Once you have the volume level figured out, back the tape up to the start of the tone. Hit "record" in your software and "play" on your tape player. Record at 22.05KHz with 8-bit monaural samples. (Recording at CD quality, 44.1KHz with 16-bit stereo samples, doesn't help and requires 8x the space.) If your software shows an input meter while recording, continue to record until the volume level drops and stays low for at least 10 seconds. If you can't monitor the input, you will either need to time the cassette, or just record for a long time and perhaps trim the excess off in the sound editor. Make sure you get all of the data from the tape. When you think you're done, pull the audio plug out of the tape player and keep listening for a little bit.
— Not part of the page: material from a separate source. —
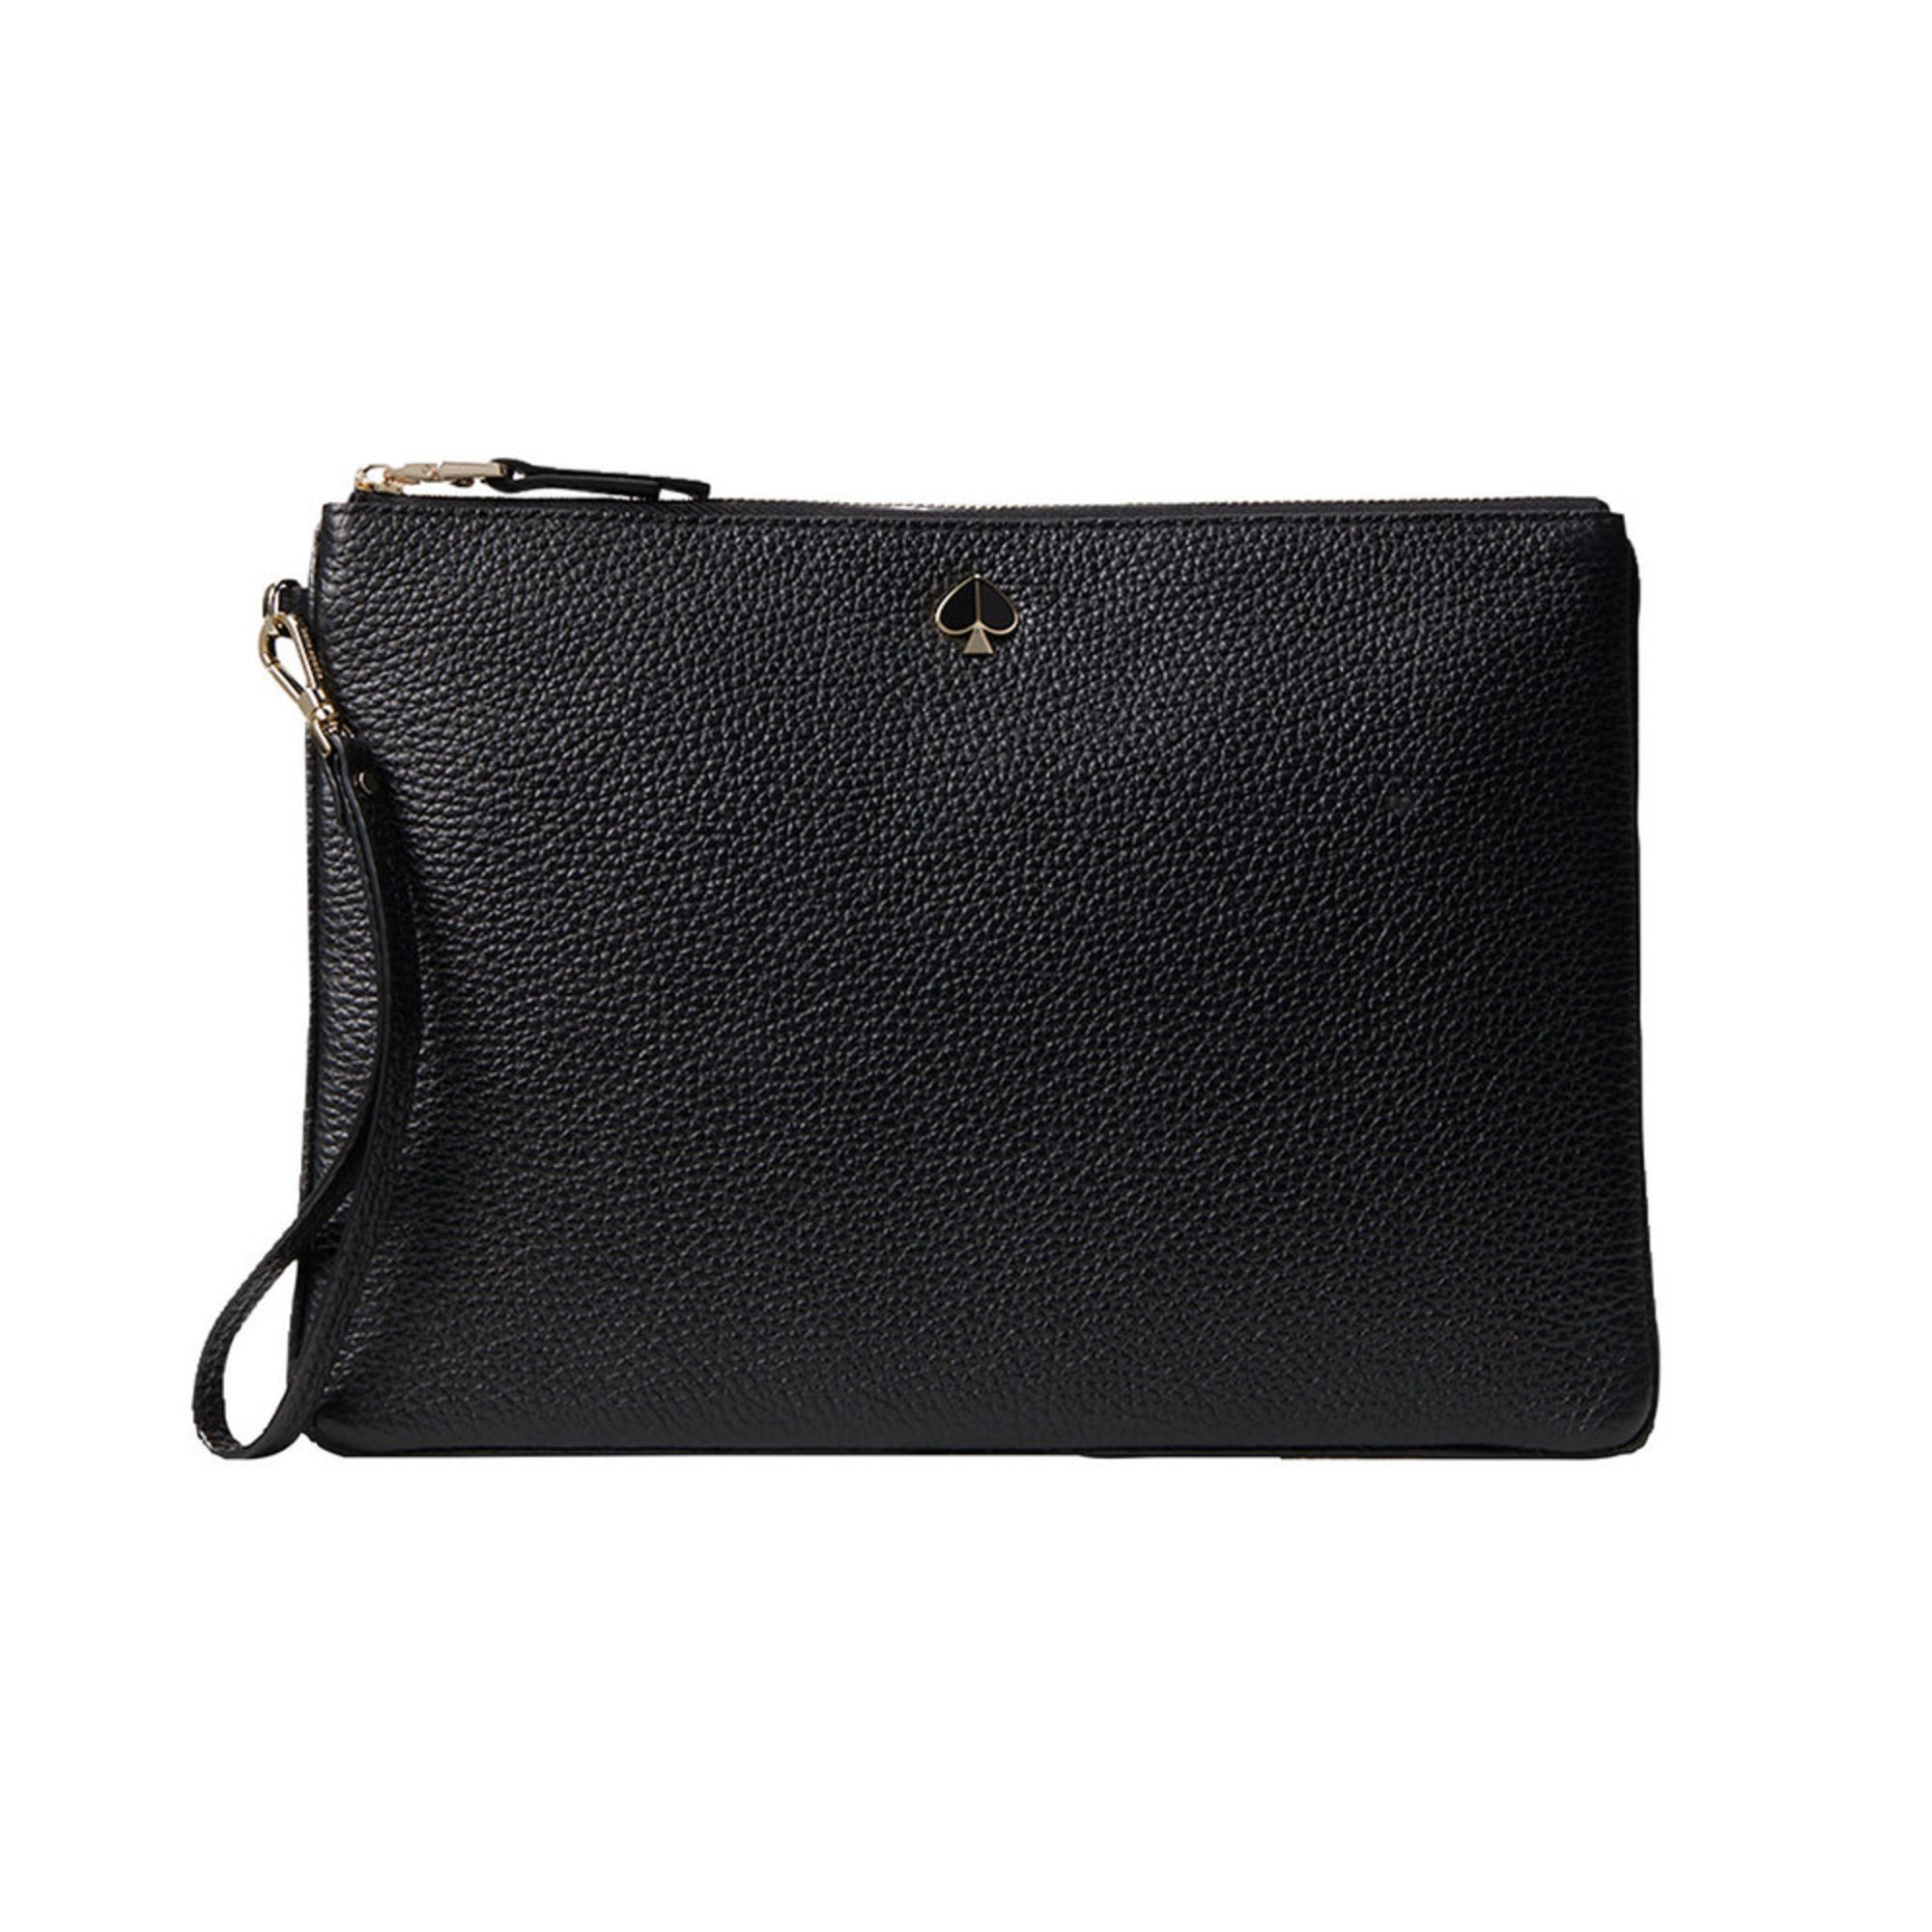 Kate Spade Polly Large Pouch Wristlet | Women's Wallets & Accessories ...

Tip: CiderPress only needs to see about a second of the lead-in, so it's okay to fiddle with the volume while the initial tone is playing.
Tip: in some cases, setting the volume a little too high can be beneficial. It's better to clip some samples than have too little signal. If at first you don't succeed, crank up the volume a notch and try again.
Most cassettes include more than one copy of a program. In some cases (such as Adventure International's "Asteroid") they are slightly different implementations, while in others it's the same program repeated. Sometimes the program is repeated on the back side of the tape. Magnetic tapes wear out if you play them too much, so redundancy was common.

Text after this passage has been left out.